An FSB Working Group is developing recommendations to achieve the G20’s commitments to improve transparency, mitigate systemic risk and protect against market abuse in the over-the-counter (OTC) derivatives market. The recommendations will promote consistent implementation across jurisdictions of measures to increase standardisation, central clearing and, where appropriate, exchange or electronic platform trading, and to have all OTC derivatives contracts reported to trade repositories. The report and recommendations will be published in November.

Reducing reliance on CRA ratings

The FSB is developing principles to reduce authorities’ and financial institutions’ reliance on credit rating agency (CRA) ratings. The goal of the principles is to reduce the cliff effects from CRA ratings that can amplify procyclicality and cause systemic disruption.
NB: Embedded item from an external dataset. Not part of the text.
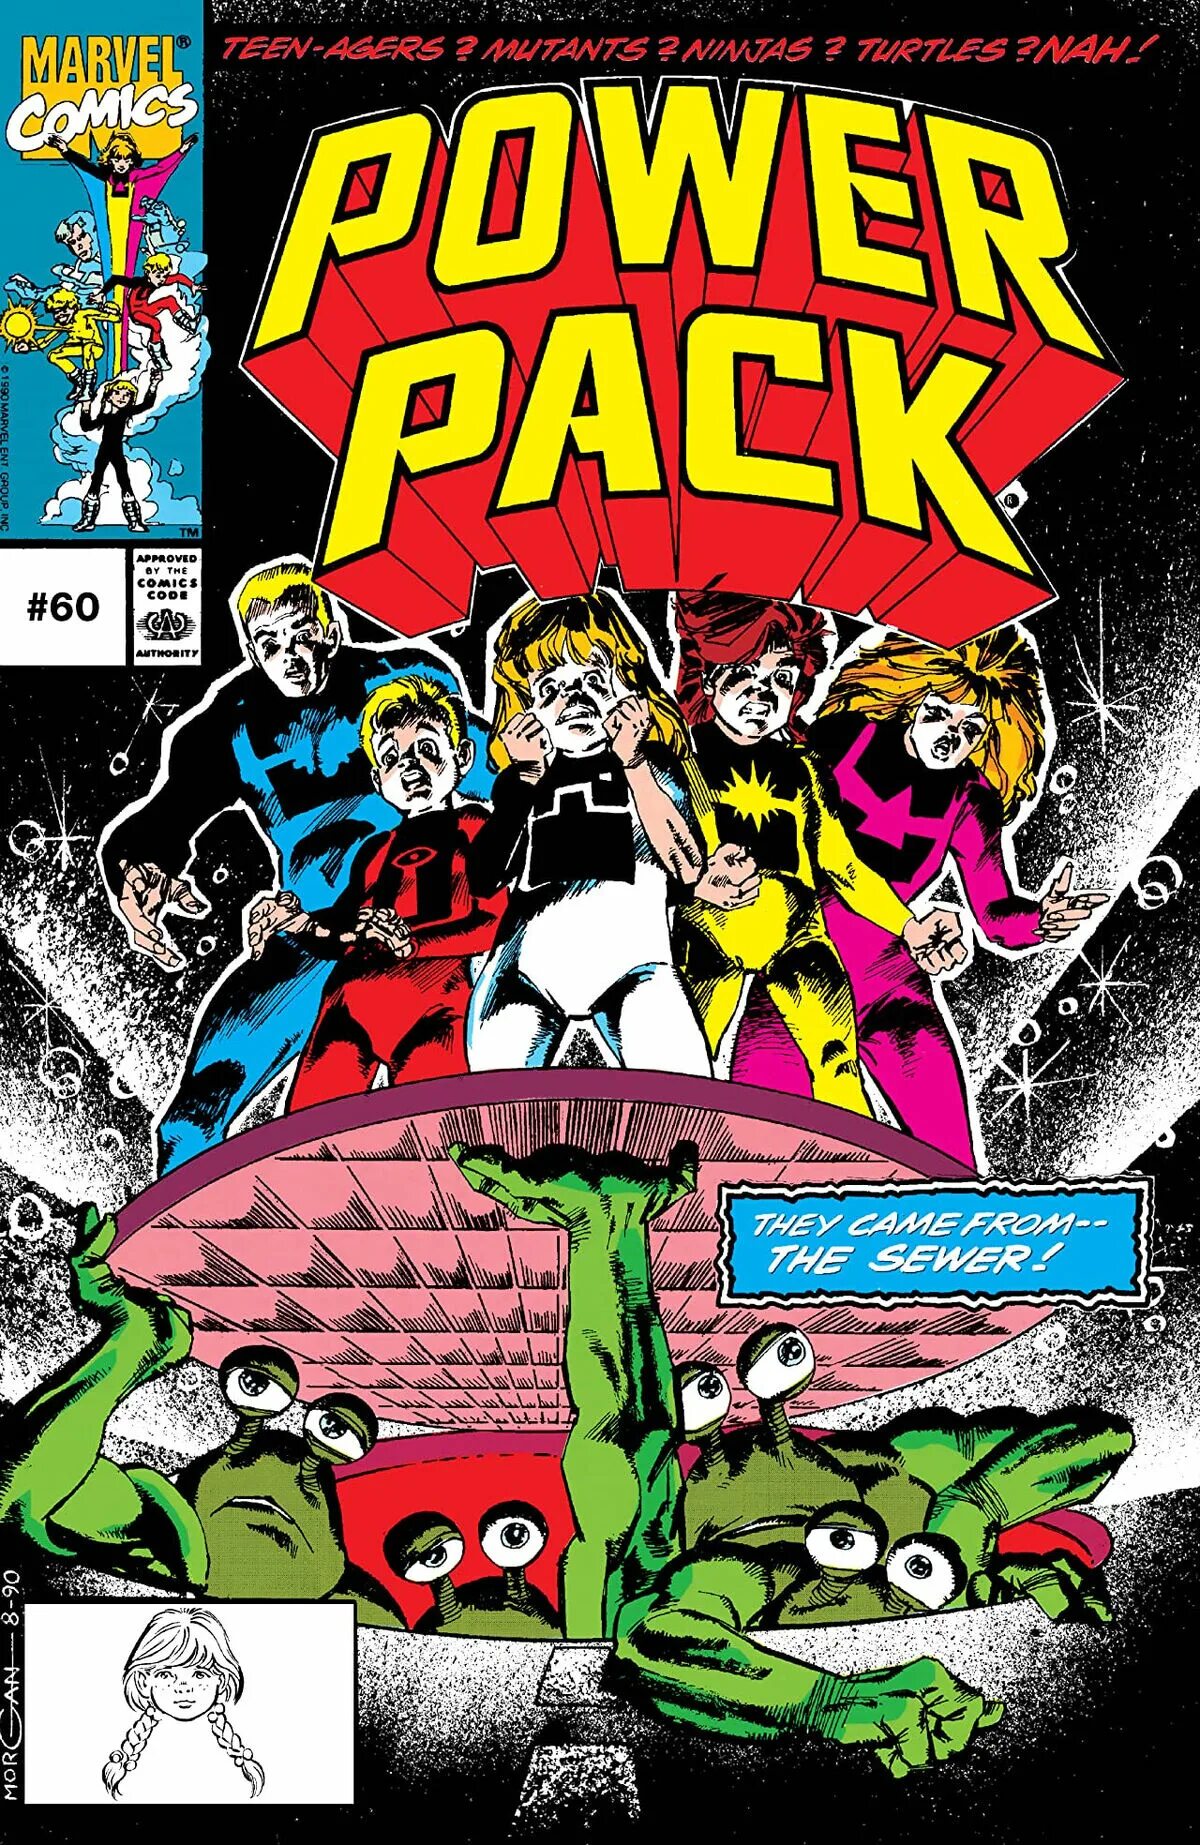 Power packing комиксы. Power Pack Marvel. POWERPACK комиксы. Power Pack Marvel Comics.
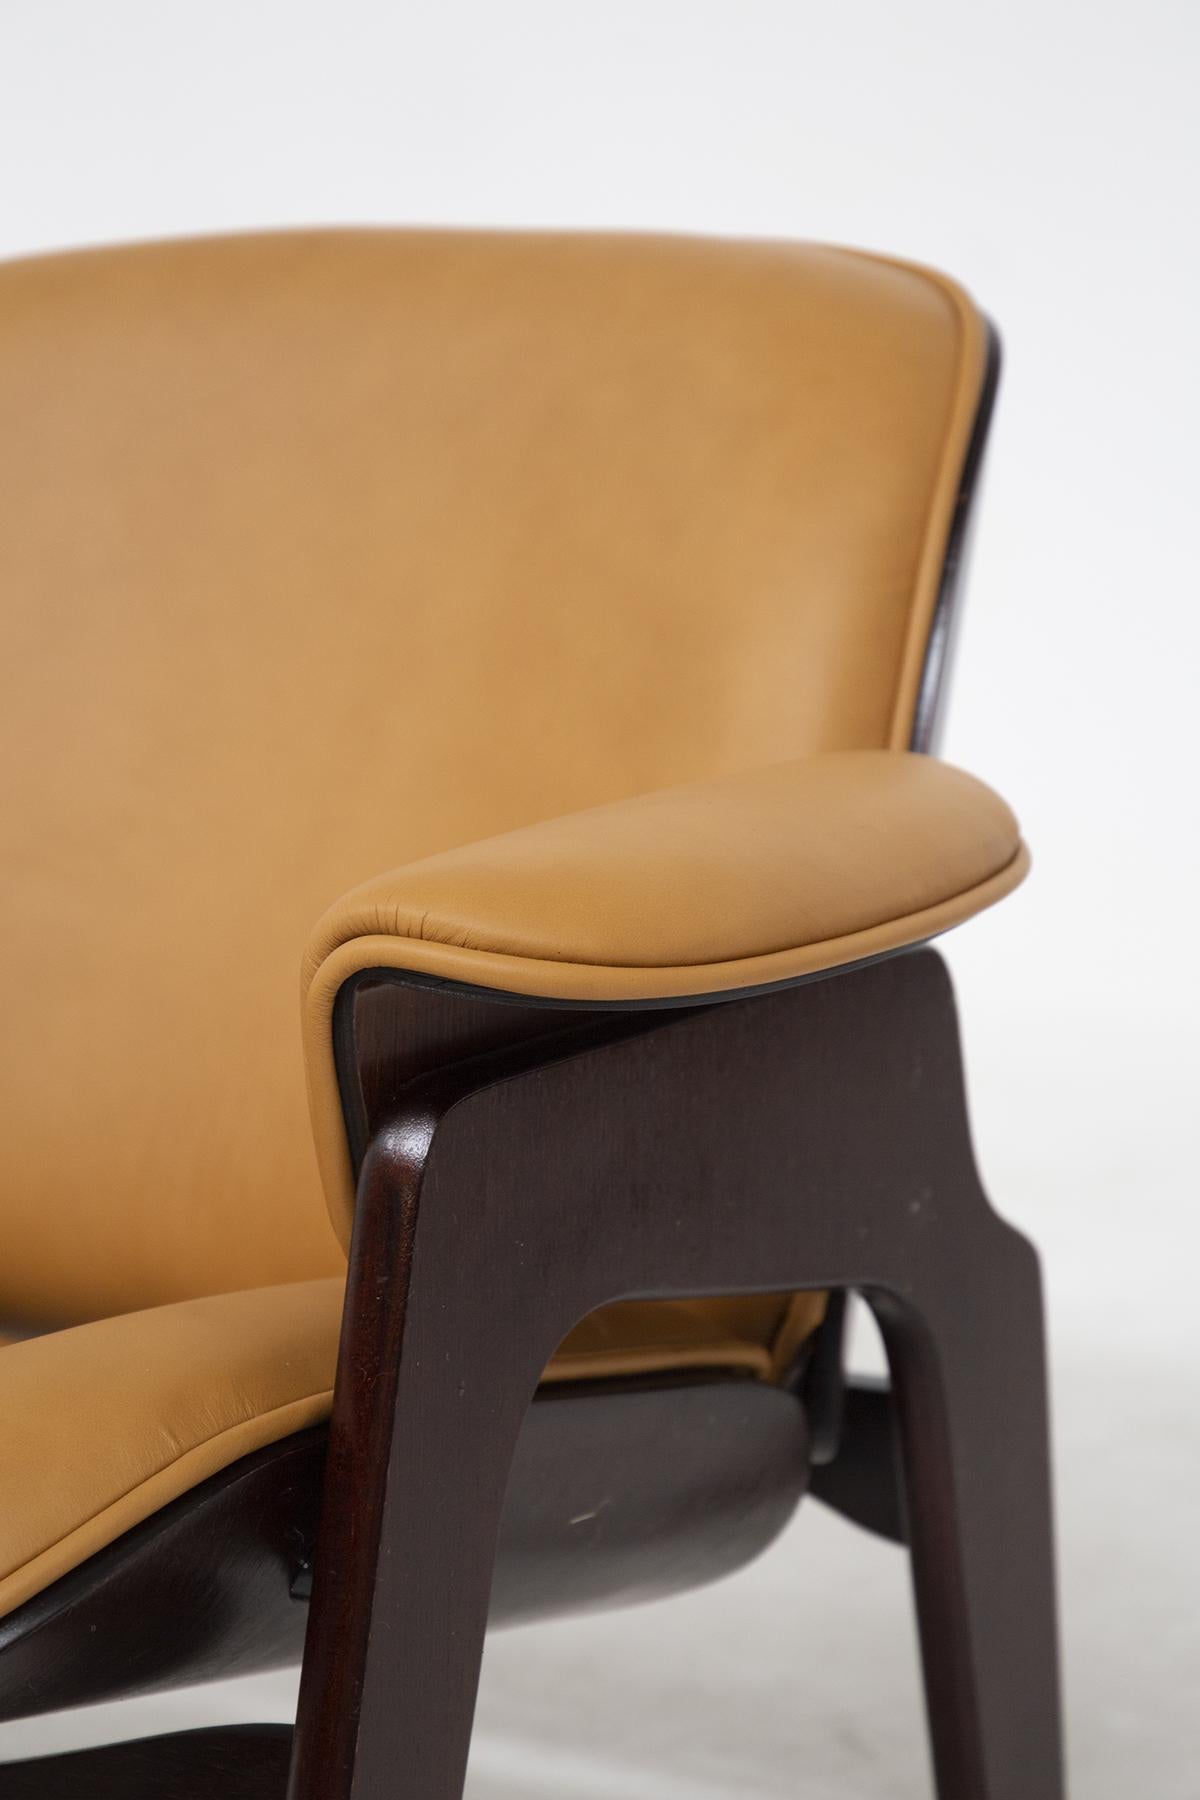 Ico Parisi Faux Leather Armchairs for MIM, Original Label 1

The principles, to be issued later this month, will call on authorities to reduce reliance on CRA ratings in rules and regulations, in order to reduce mechanistic market reliance on those ratings. Accordingly, authorities should assess references to CRA ratings in laws and regulations and, wherever possible, remove them or replace them by suitable alternative standards of creditworthiness. The principles will set out the direction of change needed and ask standard-setters and regulators to follow up by defining the more specific actions that will be needed to implement the changes.

Peer reviews

The FSB has published its peer review on Mexico—the first country peer review report to be completed under the FSB Framework for Strengthening Adherence to International Standards.

FSB peer reviews are intended to complement and support the IMF-World Bank Financial Sector Assessment Program (FSAPs). FSB members have committed to undergo periodic country and thematic peer reviews focused on the implementation of financial sector standards and policies agreed within the FSB. The next two country peer reviews, for Italy and Spain, are underway and will be completed in early 2011. The first FSB thematic review, on compensation practices, was completed in March 2010. Two further thematic reviews are currently underway – on risk disclosures and on mortgage underwriting practices – and a follow-up review of compensation practices will take place in the second quarter of 2011.

Regional outreach

The FSB will establish outreach arrangements with non-member authorities, through the establishment of regional groups comprising member and non-member authorities. It is designing the potential operational arrangements for these groups, including the information sharing and consultative roles that they could play. A detailed proposal on those arrangements will be further discussed at the next FSB Plenary meeting, to take place on 20 October in Seoul. The regional groups’ first meetings will take place in 2011.